Aquel hombre dejo de leer he indico al Policía que podía llevarse a los jóvenes – Esperaran hasta que paguen su fianza o se cumplan las 24 horas- informo.

Seiya asintió pero Darien replicó – Discúlpeme Señor, pero; yo soy inocente – él funcionario miro fijamente al joven médico – yo no estaba dentro de ese lugar, solo estaba de paso cuando dos policías me detuvieron y me condujeron hasta aquí-.

El juez miro a sus hombres pero ellos negaron con la cabeza – Estoy informado que la detención fue a causa de los disturbios que se ocasionaron dentro del giro comercial… la policía fue llamada porque se estaba realizando un evento masivo para el cual el establecimiento no estaba autorizado, el cual ocasiono disturbios dentro del mismo, es lógico que cuando los jovencitos como ustedes ven que se presenta al lugar de los hechos la autoridad intenten huir y después aleguen que "solo estaban de paso"-.

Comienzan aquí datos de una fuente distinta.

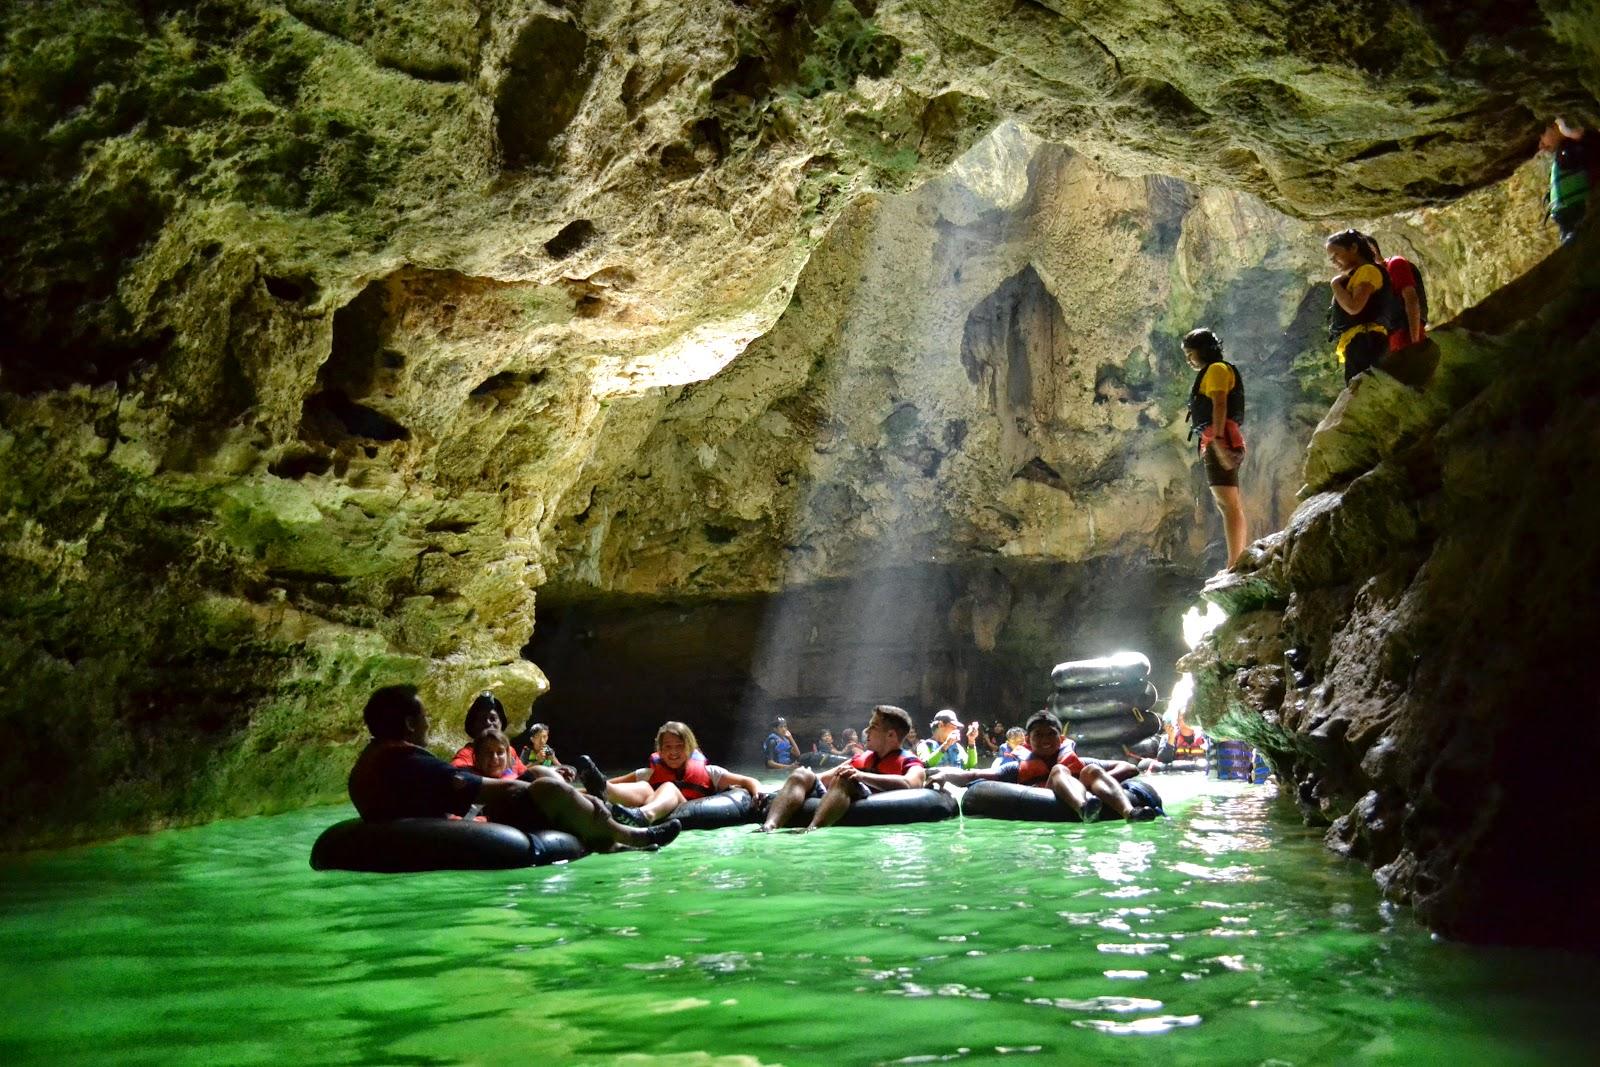 25 Tempat Wisata Di Jogja Yang Wajib Dikunjungi

-¡Pero es verdad! ¡Yo acababa de llegar!- refuto el chico.

-¿Es decir que usted pretendía asistir?- inquirió el hombre

Darien al final no supo que decir.

-Mire joven le recomiendo que pague su fianza, así usted queda libre hoy mismo y puede volver a retomar su vida normal…si no puede verse implicado en el fomento de actividades ilegales…en este momento estamos investigando ese lugar por venta de drogas… sería una pena que por una niñería usted fuera arrastrado a cosas de las cuales usted se presume es inocente-

Darien estaba perplejo… ¿Cómo era posible?, un sabor amargo subió desde la boca de su estómago y se depositó en su boca. –Pero… - Seiya lo tomo de la muñeca y él volteo a verlo por unos instantes… pudo leer en su mirada "déjalo así, no le muevas".

Ambos salieron de aquella oficina seguidos del gendarme que se había quedado con ellos, en todo el trayecto desde ahí hasta su celda no dijeron nada.

Cuando entraron fue cuando Seiya hablo- A esa gente no le interesa si eres inocente o culpable si no la cantidad de dinero que puedan sacarte… poco les importa joder una vida-

-Pero, ¿cómo es posible?- se alteró Darien, mientras Seiya sonreía irónico – ¿me dices que les dé a esos hombres $47,500 euros aunque soy inocente?, ¡no puedo creerlo…!-

-Te lo digo porque es mejor así- comentó el joven abogado… pero en su mente maquinaba una justa venganza contra ese juez corrupto. –La venganza es un plato que se come frio…- murmuro, Darien volteo a verlo.

-¿Dijiste algo?- pregunto.

-Nada- se sentó en el suelo ahora solo debía esperar a Yaten.


Gracias a todos los que leen y tienen paciencia con esta historia antes que nada una disculpa por el retraso, este capítulo ya estaba listo hace mucho tiempo, pero cuestiones ajenas a mi persona demoraron que este viera la luz.

Así provecho que estas sean mis primeras palabras dirigidas a ustedes que siguen este experimento y deseo que siga siendo de su agrado.

Malkav-Iztli: "Regina Geli Domina Aquae"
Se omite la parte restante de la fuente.